The principle that closes all five: when a check has nothing to check, it must fail closed. Default-deny, not default-allow. Absence is not a green light. Absence is the alarm.
Disguise 1 — empty args made the deny rule vanish
The engine’s evaluate() takes a ToolCall and walks the rules. matchApplies() decides whether a rule’s scope — pathPrefix, argEquals — matches the call. The exploit lived one level up, in the only production caller.
The MCP permission_request handler in server.ts never receives structured tool arguments. It gets an input_preview string for display and nothing else. So it built the call like this:
// server.ts — the sole production caller
const call: ToolCall = {
tool: req.tool_name,
input: {}, // ← no structured args available here
};
const decision = policy.evaluate(call);
A deny scoped by pathPrefix: '/etc' asks: does input.path start with /etc? Against input: {} the answer is no. matchApplies() returns no-match, the deny is silently skipped, and the next broad auto_approve for Bash swallows the call. The scoped rule the operator wrote was invisible precisely because the engine couldn’t see what it was scoped on.
The fix does not try to reconstruct the missing args. It can’t — they aren’t there. Instead, when the gate cannot see the input a scoped deny/require_approval rule needs, it stops trusting the fall-through:
// If a scoped deny/require rule COULD apply but we lack the input
// to know, escalate to a human instead of falling through to auto_approve.
if (scopedRuleNeedsInput && inputIsUnavailable(call)) {
return { allow: false, escalate: 'require_approval', reason: 'input-unavailable' };
}
Not knowing whether a deny applies is treated as “it might” — and “it might deny” routes to a human, never to auto-approve.
Disguise 2 — a wiped audit log verified clean
The journal’s verifier walks the event chain and reports broken links. Zero events means zero broken links. So an empty audit.log verified clean. An attacker who truncates the entire log to nothing gets a green check — the strongest possible signal from the weakest possible file.

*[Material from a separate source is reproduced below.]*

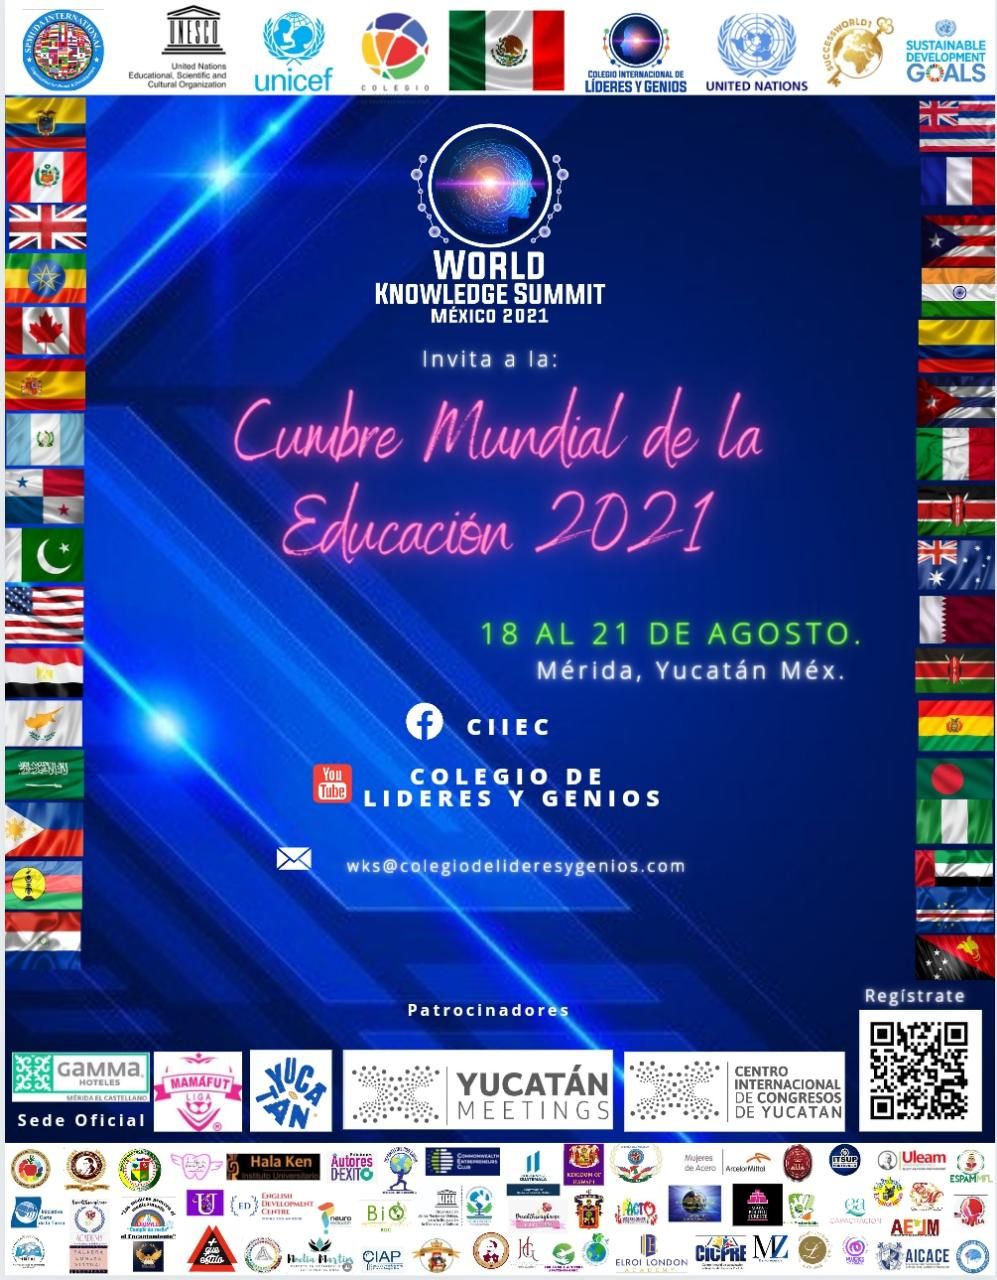 1a Cumbre Mundial de la Educación Mérida Yucatán

The fix is a floor. --min-events N makes verification fail when the log holds fewer events than expected:
$ verify audit.log --min-events 500
FAIL: expected ≥500 events, found 0
Zero is no longer “clean.” Zero is “someone deleted the evidence.” The flag parser is deliberately fail-closed too: a malformed value throws rather than silently disabling the floor, because a floor you can turn off by fat-fingering it is not a floor. (A later fix routed a space-form negative like --v2-floor-seq -5 to the value validator so it throws the accurate “must be a non-negative integer” instead of a misleading “missing value.”)
Disguise 3 — a prototype key past a truthiness gate, and the near-miss
Channel-policy reads (access.channels[id]) were scattered across seven call sites with inconsistent guards. A bare index read inherits Object.prototype members: ask for the channel 'constructor' or 'toString' and you get back a truthy function that never belonged to anyone’s config — enough to slip past a truthiness-based gate.
Not exploitable today; Slack channel ids match [CD][A-Z0-9]+ and never take prototype-key forms. But it’s a footgun class, and seven inconsistent guards is seven chances for one to drift wrong. The fix routes every read through one chokepoint that returns a policy only for an own property:
export function getChannelPolicy(access: Access, id: string): ChannelPolicy | undefined {
return Object.hasOwn(access.channels, id) ? access.channels[id] : undefined;
}
One helper, seven callers, no drift. And this is where a fail-closed refactor nearly shipped a fail-open crash.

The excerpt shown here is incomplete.